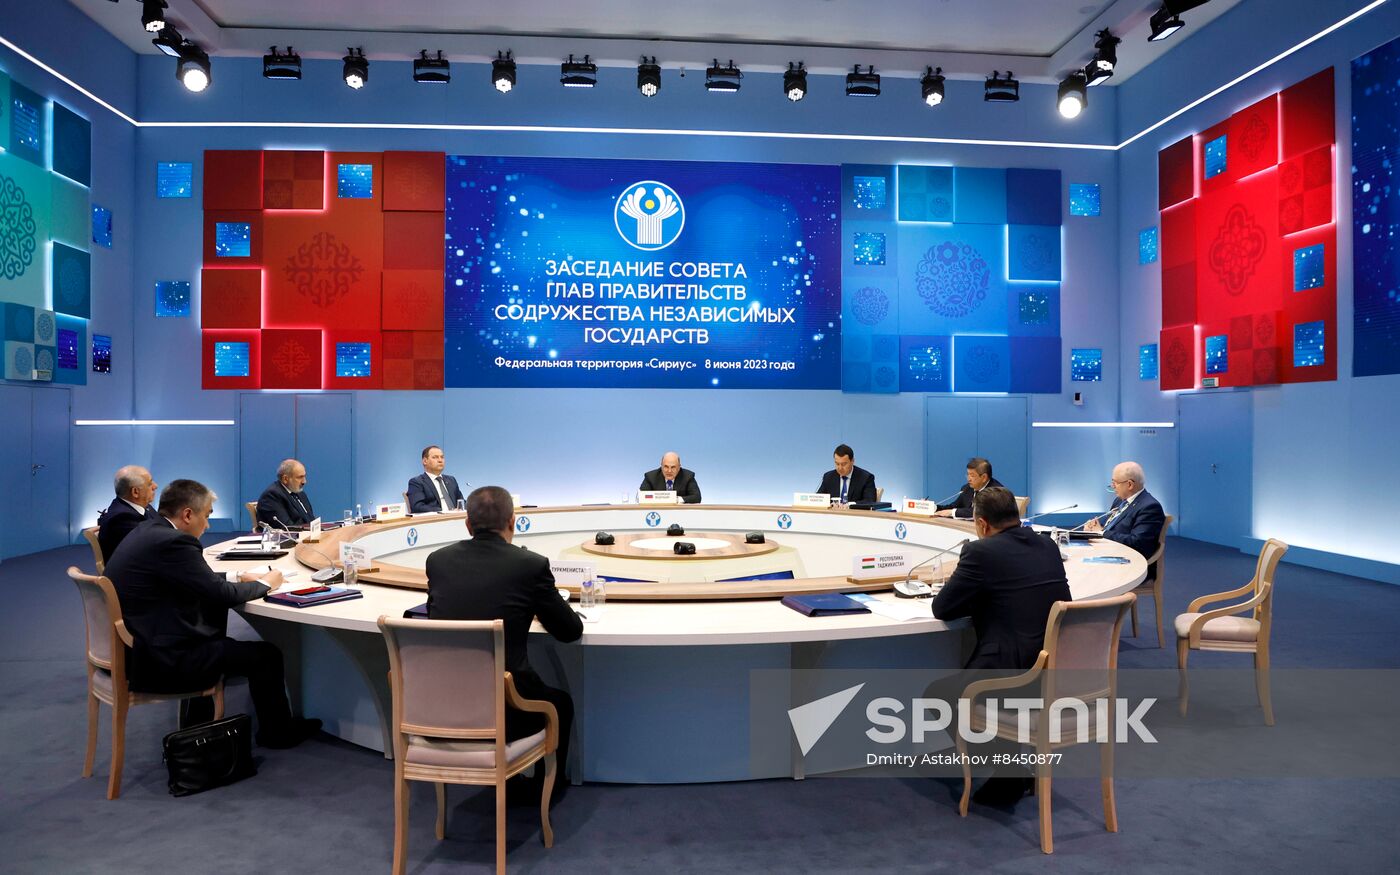 Russia Mishustin EAEU Summit
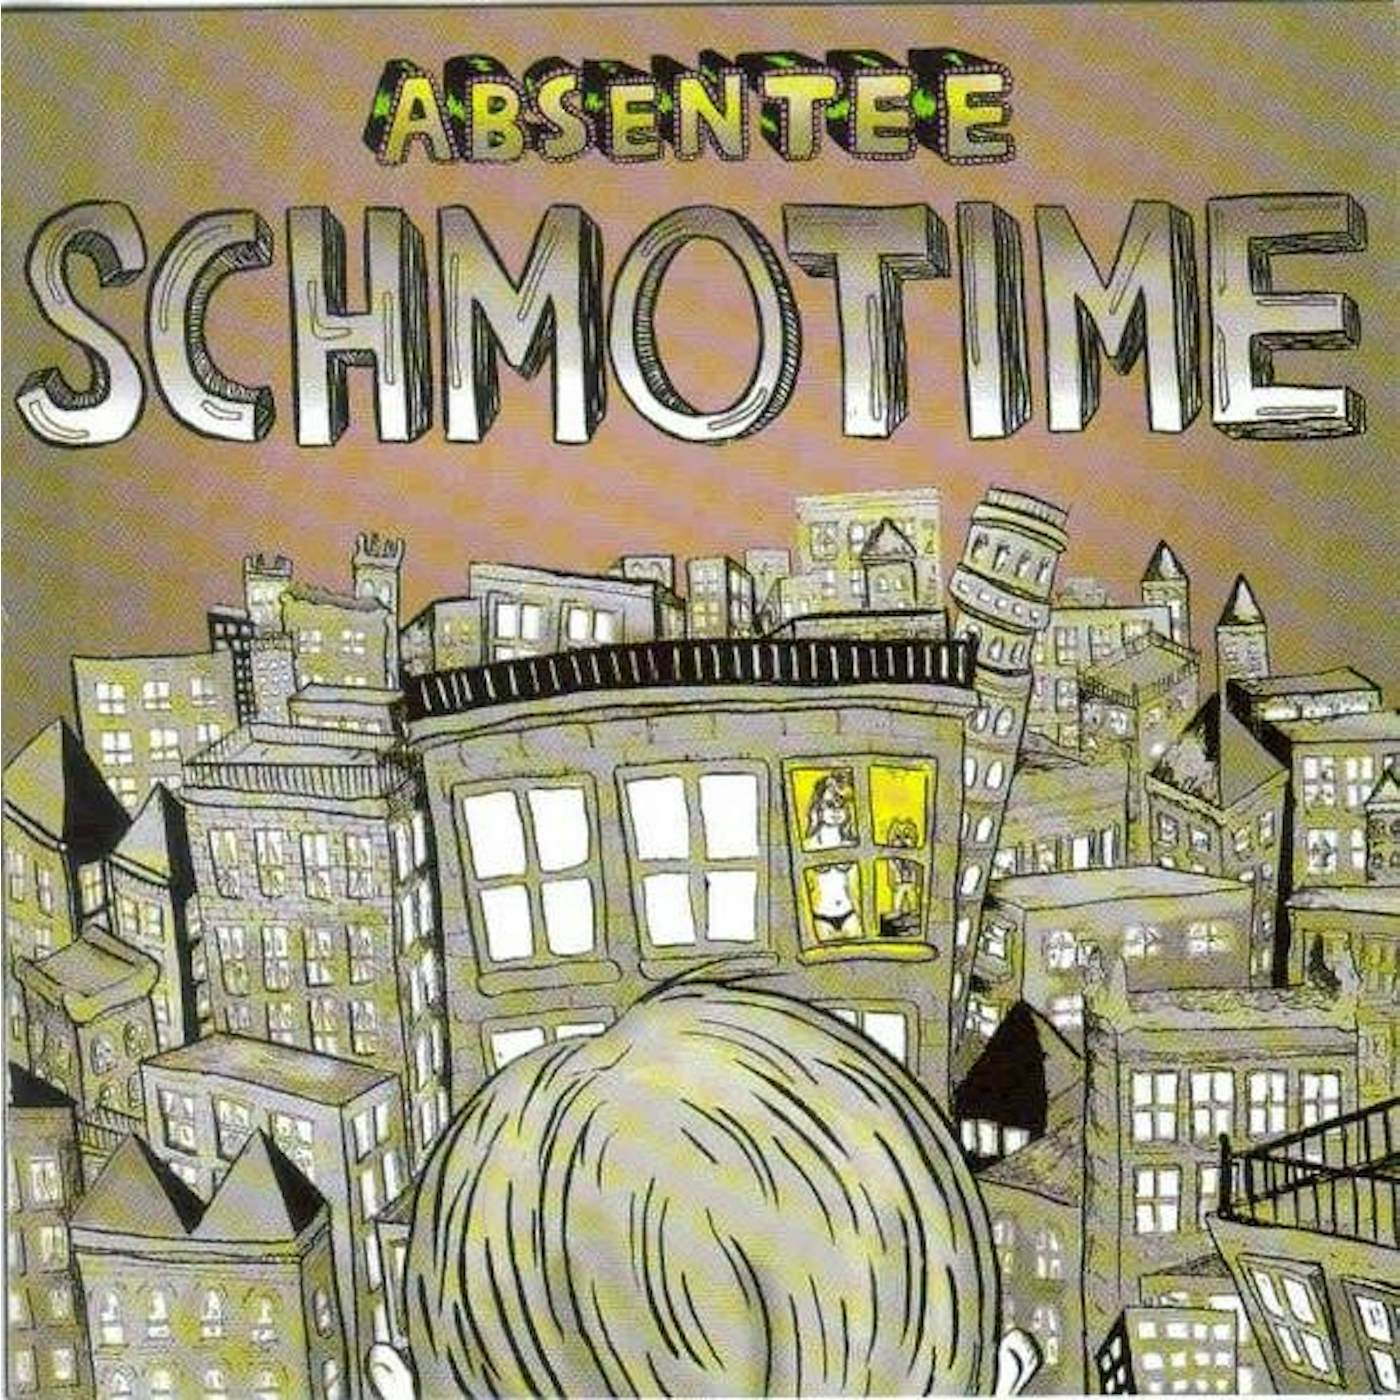 Absentee Schmotime Vinyl Record
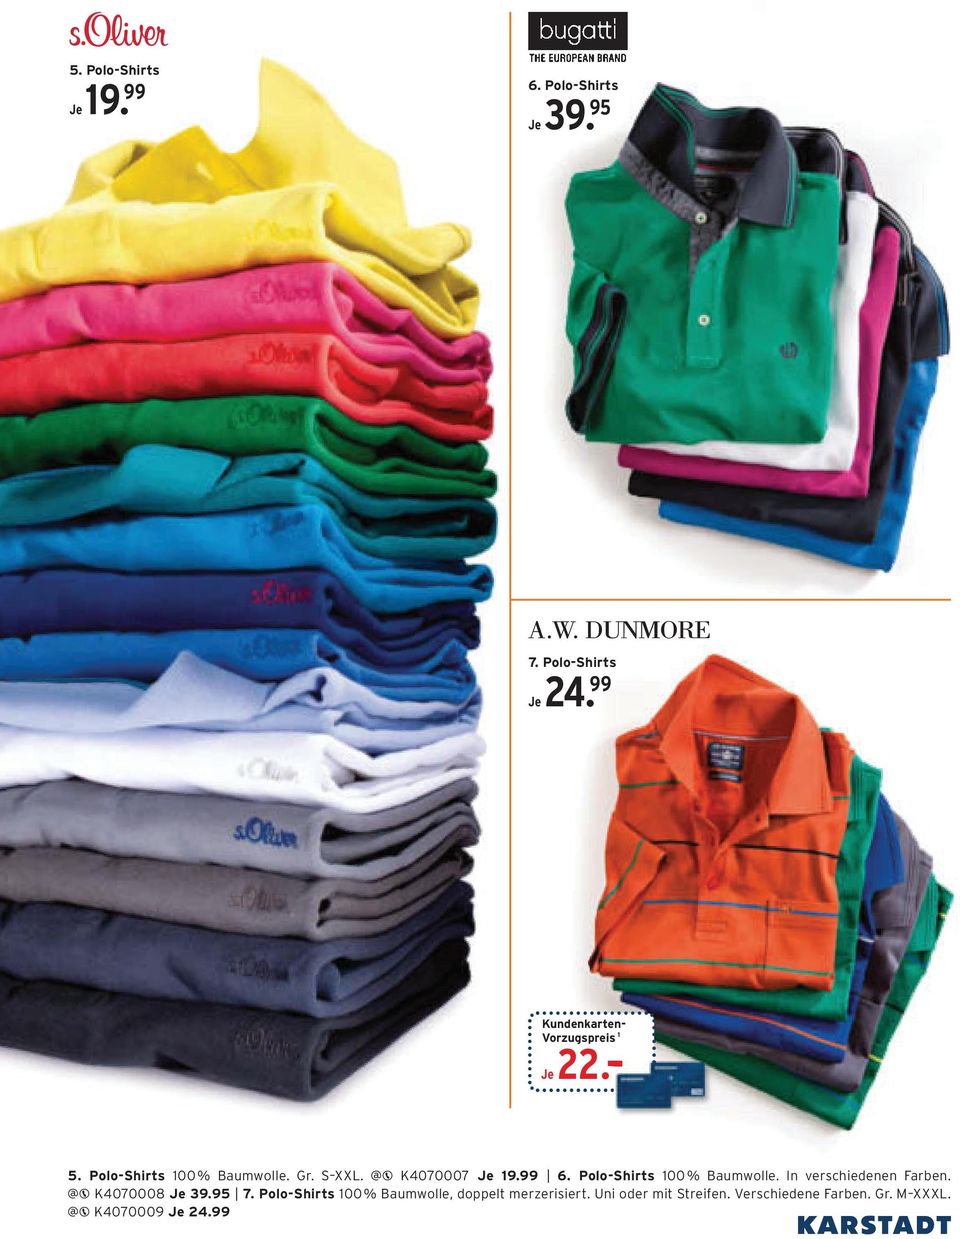 K4070007 Je 9.99 6. Polo-Shirts 00 % Baumwolle. In verschiedenen Farben. K4070008 Je 39.

▶ [The task] Give every line of the listing above again, exactly, with no images.

▶ [Exercise solution]
 Russia Mishustin EAEU Summit
 Absentee Schmotime Vinyl Record
 K4070007 Je 9.99 6. Polo-Shirts 00 % Baumwolle. In verschiedenen Farben. K4070008 Je 39.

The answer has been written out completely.